W całym spotkaniu nie wiele było podbramkowych sytuacji. Białobrzeżanie przyjechali na mecz osłabieni, ale ci, którzy dostali szansę gry, na pewno nie zawiedli i byli równorzędnym partnerem dla Broni.
Pierwsi groźnie zaatakowali nasi piłkarze. W 8 minucie minimalnie nad poprzeczką uderzył Paweł Ankurowski. Tymczasem w 36 minucie w sytuacji sam na sam znalazł się Daniel Barzyński, ale piłkę spod nóg wyłuskał mu Kevin McMullen.
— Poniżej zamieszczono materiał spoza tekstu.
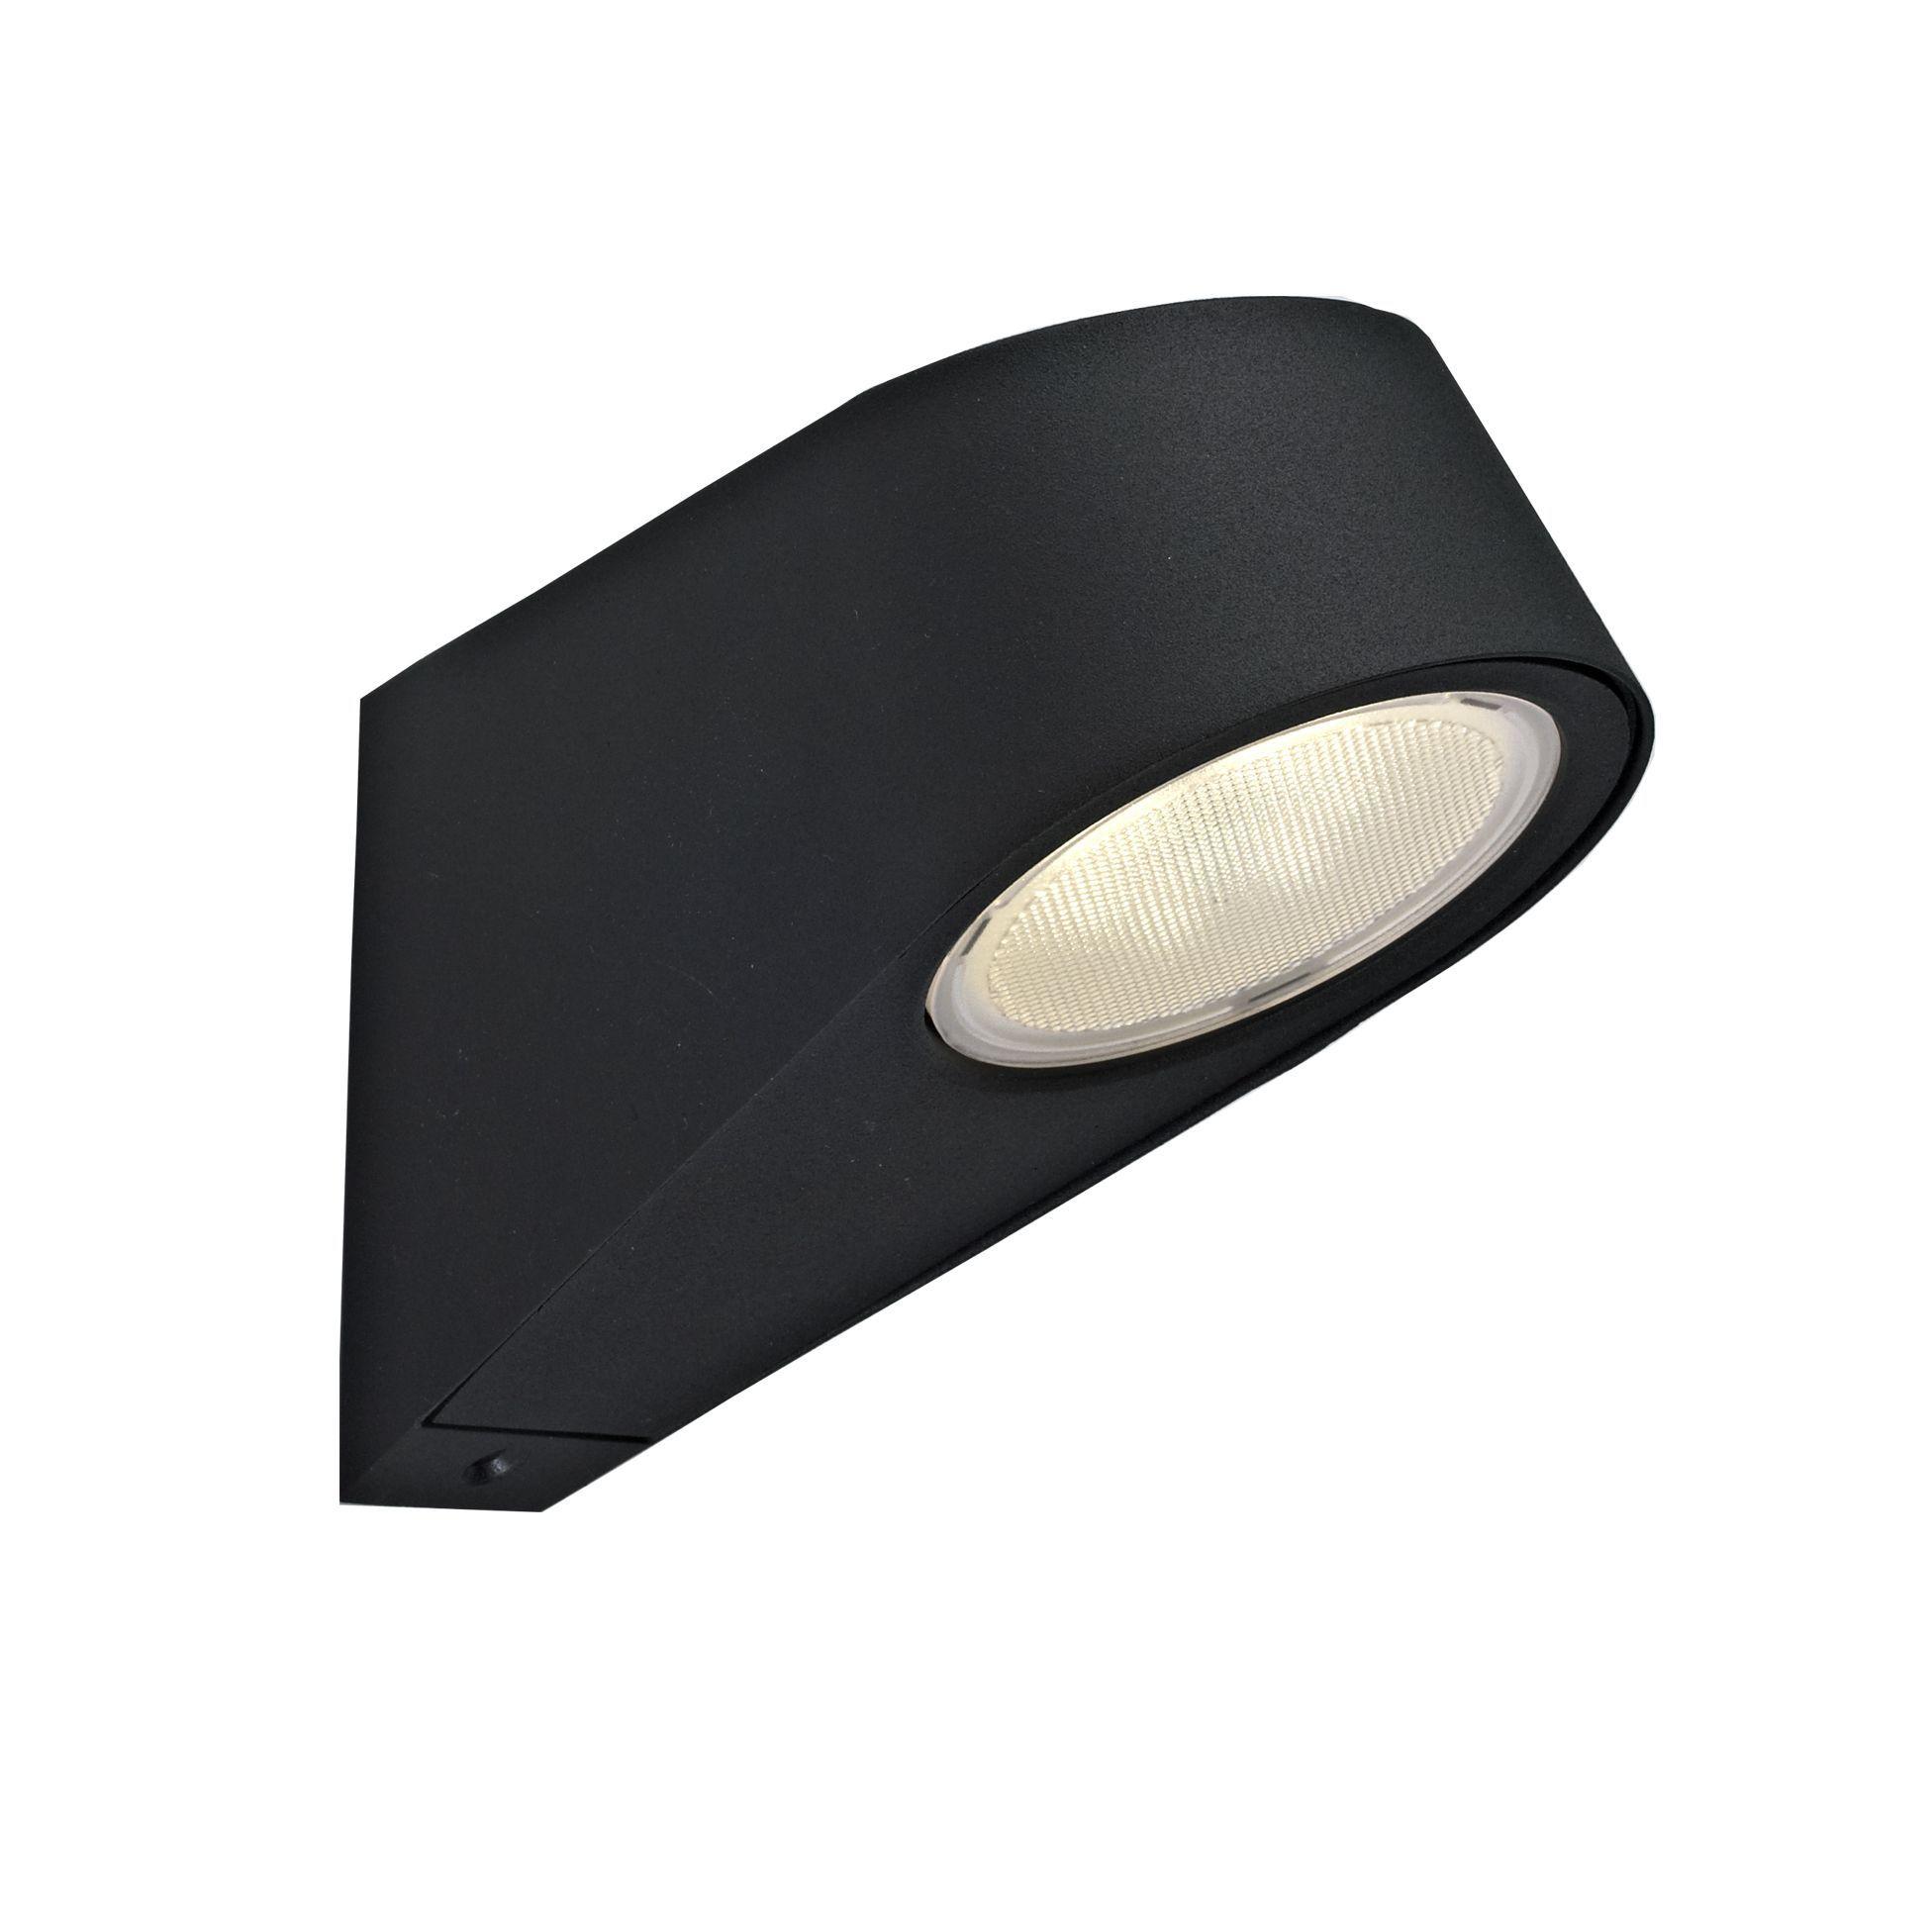 Blooma Santos Black Mains Powered External Wall Light

Chwilę później po rozegraniu rzutu wolnego minimalnie chybił Chrzanowski.
W drugiej połowie gra toczyła się jakby falami. Chwilowo Broń przeważała, po czym Pilica dochodziła do głosu i sytuacja znowu się zmieniała. W 78 minucie Broń egzekwowała rzut rożny. Mocno bita piłka Marczaka, doszło do zamieszania pod bramką Młodzińskiego i piłka odbita od pleców Janakowskiego wpadła do siatki.
Ostatnie minuty przeważali białobrzeżanie, ale pozostawili w obronie sporo swobody. W 85 minucie Przemek Nogaj miał sytuację sam na sam, a w 90 minucie Tomekj Bartosiak. W obu przypadkach Paweł Młodziński ratował swój zespół od straty gola.
Duże gratulacje dla Broni, ale również dla drużyny gości, bo pokazali charakter i wolę walki. Wielkie brawa dla kibiców obu klubów za gromki doping dla swoich zespołów.